Koi a également retracé ShadyPanda jusqu'à deux campagnes antérieures, désormais inactives. L'une d'entre elles, qui s'est déroulée en 2023, comprenait 20 extensions Chrome Web Store et 125 extensions Microsoft Edge, toutes déguisées en fonds d'écran ou en applications de productivité.
Cette campagne fonctionnait en suivant et en monétisant silencieusement les données de navigation des utilisateurs. Lorsqu'un utilisateur cliquait sur eBay, Amazon ou Booking.com, les extensions injectaient des codes de suivi d'affiliation et des traceurs Google Analytics, qui étaient ensuite enregistrés et utilisés pour vendre les visites et les requêtes de recherche des utilisateurs.
Une deuxième campagne inactive datant du début de l'année 2023 était également déguisée en un nouvel outil de productivité appelé Infinity V+. Elle redirigeait toutes les recherches des utilisateurs vers le site web trovi.com, qui détournait le navigateur, exfiltrait les cookies et enregistrait les frappes des utilisateurs dans le champ de recherche, avant d'envoyer toutes ces informations à des serveurs externes.
Selon les chercheurs, toutes ces campagnes ShadyPanda illustrent un problème dans la manière dont les places de marché gèrent les extensions. « Elles ne surveillent pas ce qui se passe après l'approbation », ont-ils écrit.
Google et Microsoft face au casse-tête des stores d’extensions
Cette affaire relance un débat que les deux entreprises auraient préféré éviter : l’extrême difficulté à sécuriser un écosystème reposant sur des extensions publiées par des milliers de développeurs.
Un porte-parole de Google a confirmé qu'aucune de ces extensions n'était disponible sur le Chrome Web Store, et assure que Google examine chaque mise à jour des extensions du Chrome Store, même les plus mineures.
Un porte-parole de Microsoft a déclaré : « Nous avons supprimé toutes les extensions identifiées comme malveillantes sur le Edge Add-on Store.
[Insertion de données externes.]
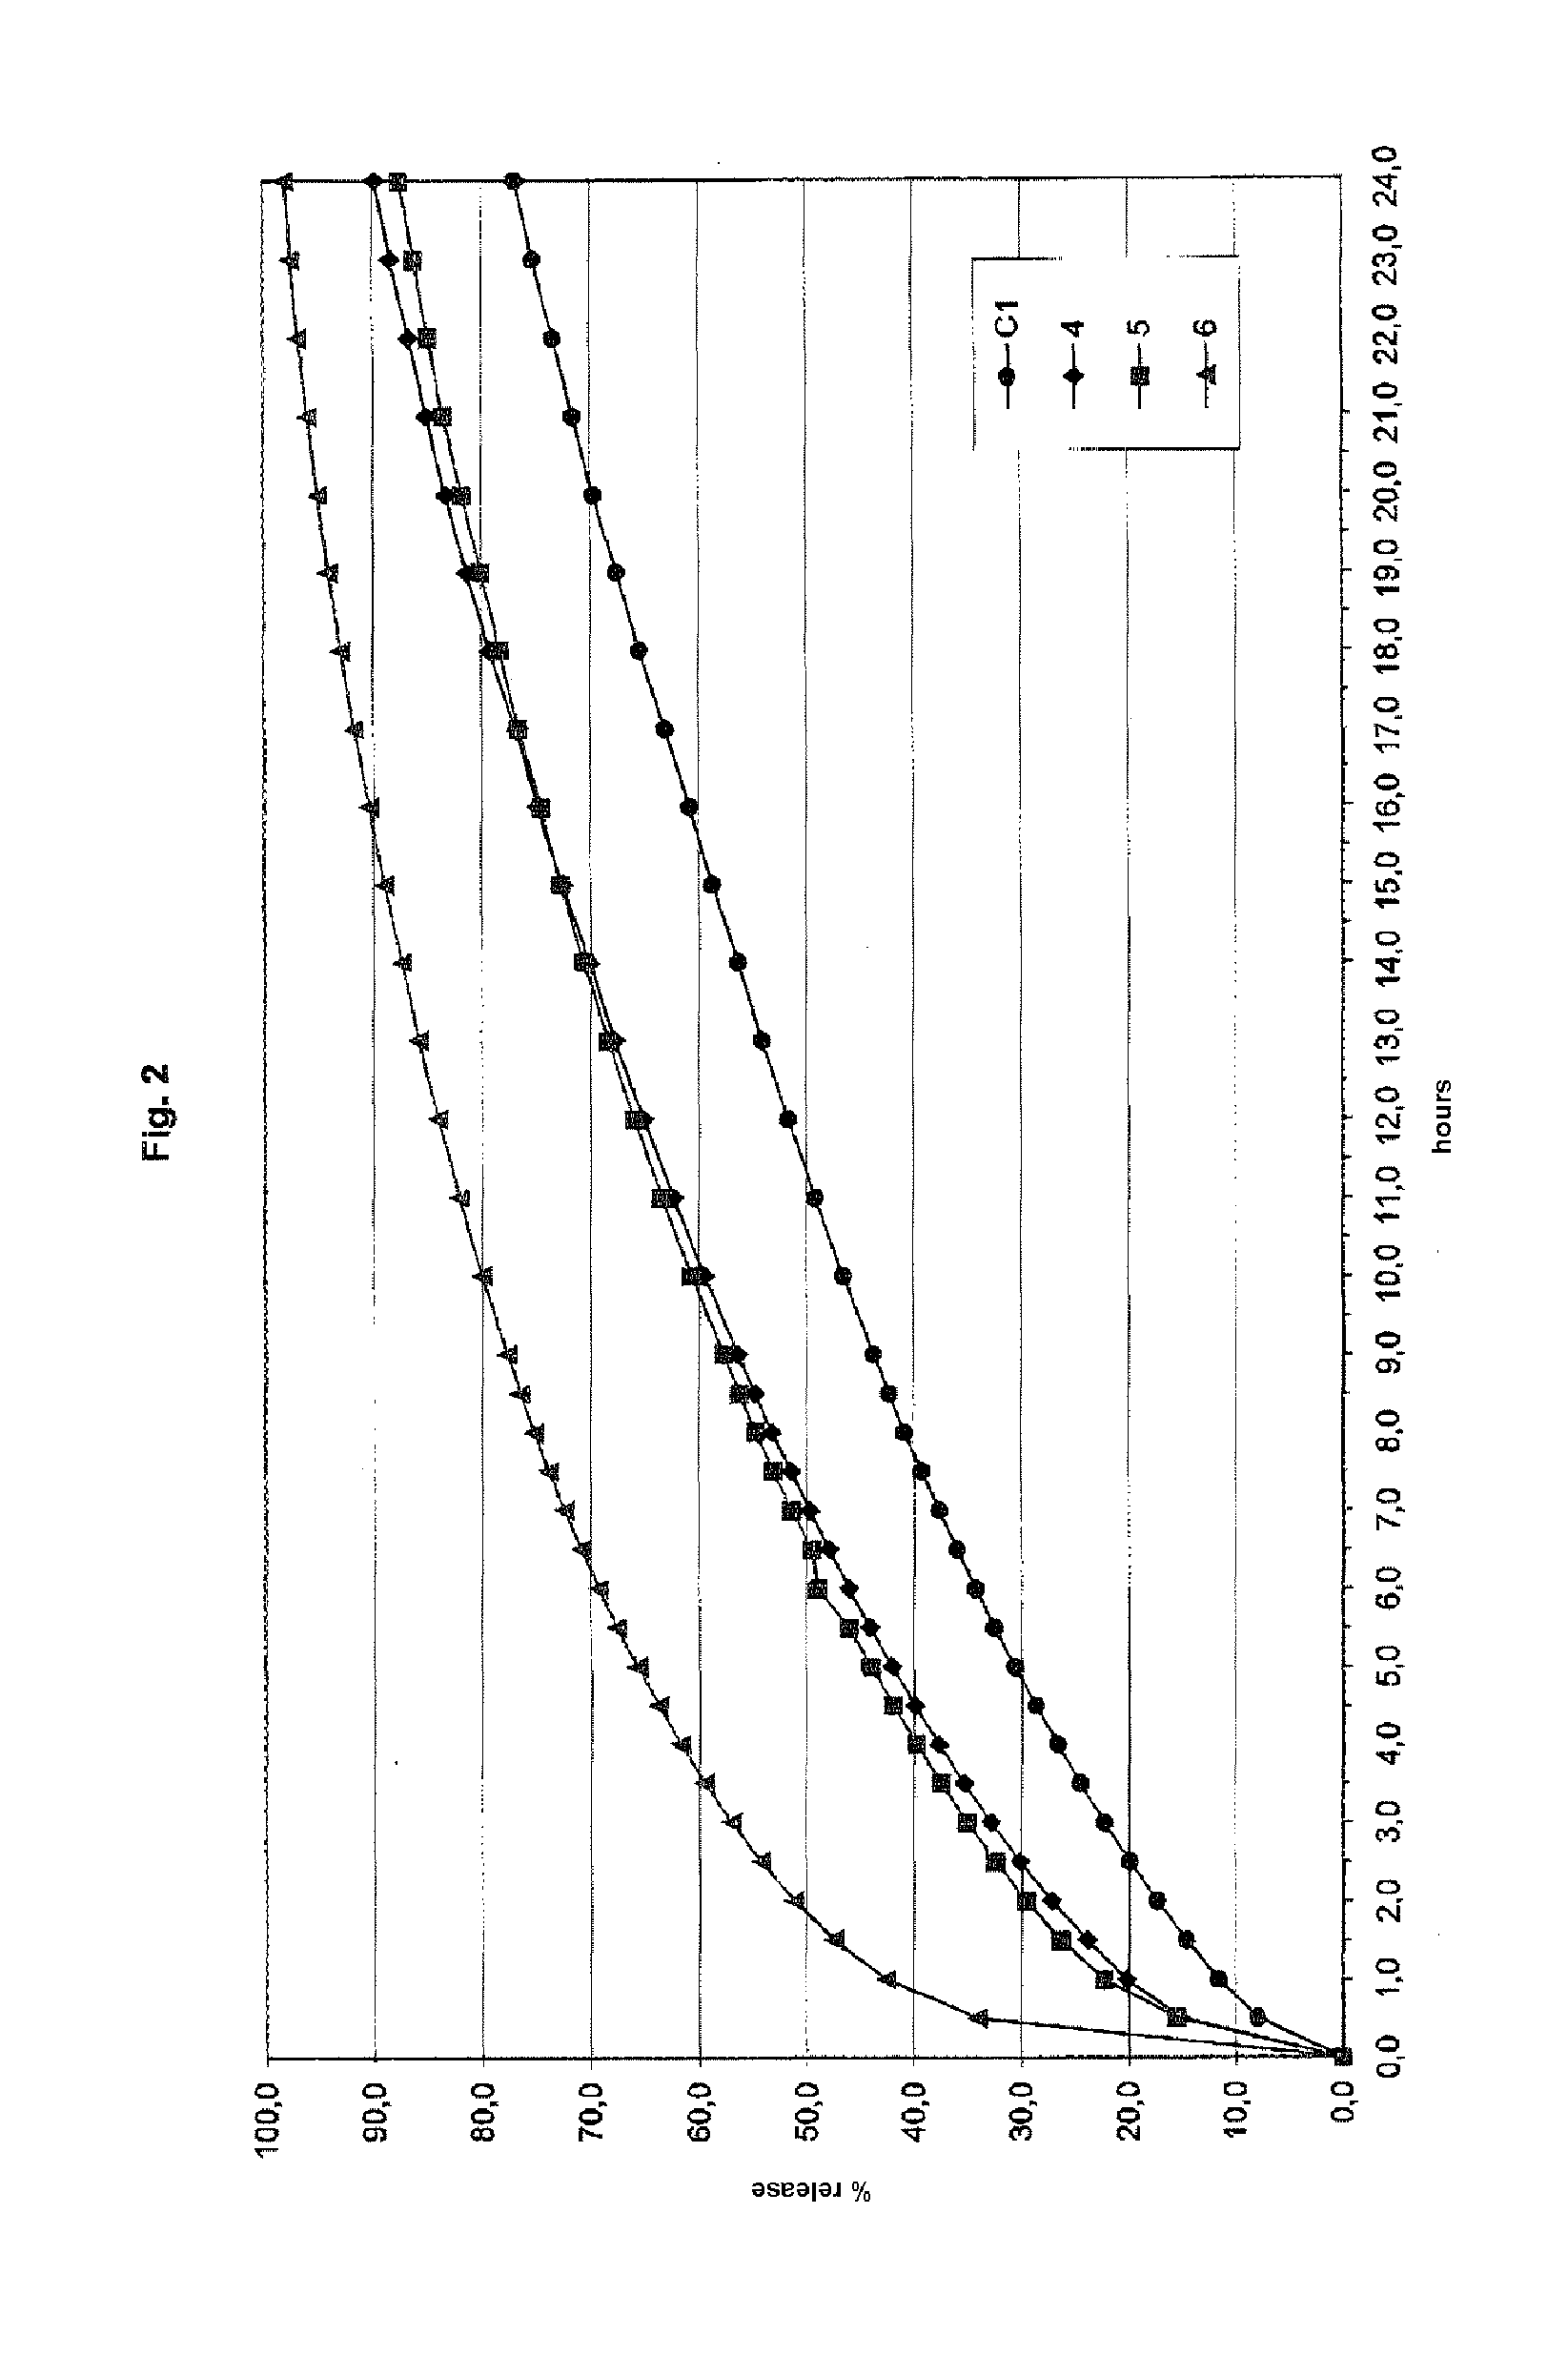 Controlled release pharmaceutical or food formulation and process for its preparation

Lorsque nous constatons des violations de nos politiques, nous prenons les mesures appropriées, qui comprennent, sans s'y limiter, la suppression du contenu interdit ou la résiliation de notre contrat de publication. »
Pourtant, la question reste entière : comment empêcher qu’un développeur parfaitement légitime ne « bascule » son extension vers un comportement malveillant deux ans après sa publication ?
La réalité est que ni Google ni Microsoft ne disposent d’un mécanisme fiable permettant d’auditer en continu les mises à jour publiées par les éditeurs. Tant que l’extension respecte l’API, signe son code et déclare des permissions compatibles avec sa fonction apparente, elle passera les contrôles.
Une attaque qui marque une montée en complexité dans le malware moderne
Ce cas illustre une transformation profonde du paradigme malware. Là où les attaquants utilisaient autrefois des campagnes bruyantes, courtes et massives, ils privilégient désormais la durée, l’intégration à l’écosystème, la dissimulation et la patience.
Les extensions malveillantes ne cherchent plus seulement à infecter un utilisateur : elles veulent s’implanter comme une présence familière. Le fait qu’elles aient attendu des années avant d’activer leur charge utile montre une maturité opérationnelle proche des campagnes APT.
Pour les entreprises, cette sophistication est un signal d’alarme. Une politique de sécurité ne peut plus se limiter à des antivirus et à des filtres web. Elle doit inclure un contrôle strict des extensions navigateur, une revue régulière des permissions et, lorsqu’il s’agit d’environnements sensibles, une politique de whitelisting drastique.
Source : Koi
Voir aussi :
Comment une extension peut-elle rester dormante plusieurs années sans déclencher la moindre alerte ?
Dans quelle mesure les entreprises sont-elles aujourd’hui capables de contrôler l’usage des extensions navigateur par leurs employés ?
Vient ensuite le sujet sensible du Zero Trust. Le modèle s’applique-t-il encore lorsque le navigateur concentre la majorité des accès SaaS, mais que son écosystème d’extensions reste totalement poreux ?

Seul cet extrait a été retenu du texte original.